Show that $\mathrm{SO}(2)$ has index $2$ in $\operatorname{O}(2)$ . Deduce that every element in $\operatorname{O}(2)$ can be uniquely written as $r_{\theta}$ or $r_{\theta}s$ with $s=\begin{pmatrix}0&1\\ 1&0\end{pmatrix}$ and $r_{\theta}$ the matrix for rotation by $\theta$ . Show that

$sr_{\theta}=r_{-\theta}s.$
(b)

Mimic the method we used for dihedral groups to classify all irreducible finite-dimensional representations of $\operatorname{O}(2)$ .

Problem 29. Let $V$ be the space of functions on $\mathbb{C}^{2}$ that are polynomials in the coordinates $x$ and $y$ . Consider the (left) action of $\operatorname{GL}_{2}(\mathbb{C})$ on $V$ given by

(g\varphi)({\bf v})=\varphi(g^{-1}v)

(here, think of ${\bf v}=\begin{pmatrix}x\\ y\end{pmatrix}\in\mathbb{C}^{2}$ as a column vector).

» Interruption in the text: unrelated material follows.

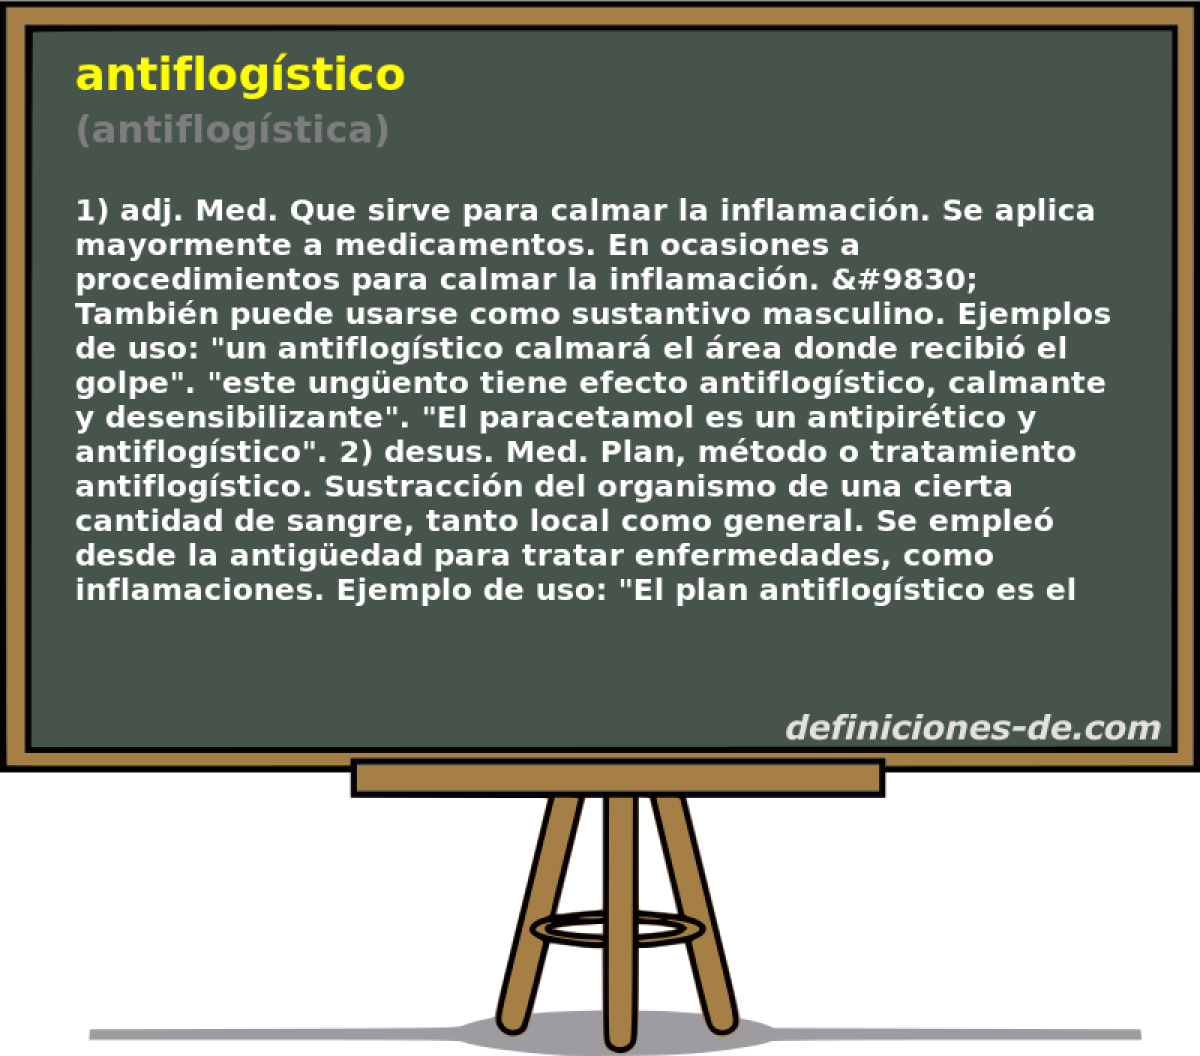 antiflogstico (antiflogstica)

Compute the derived action for the “standard” basis of $\mathfrak{sl}_{2}(\mathbb{C})$ given by $X=\begin{pmatrix}0&1\\ 0&0\end{pmatrix}$ , $Y=\begin{pmatrix}0&0\\ 1&0\end{pmatrix}$ , and $H=\begin{pmatrix}1&0\\ 0&-1\end{pmatrix}$ . You should get something involving the partial derivatives $\frac{\partial}{\partial x}$ and $\frac{\partial}{\partial y}$ .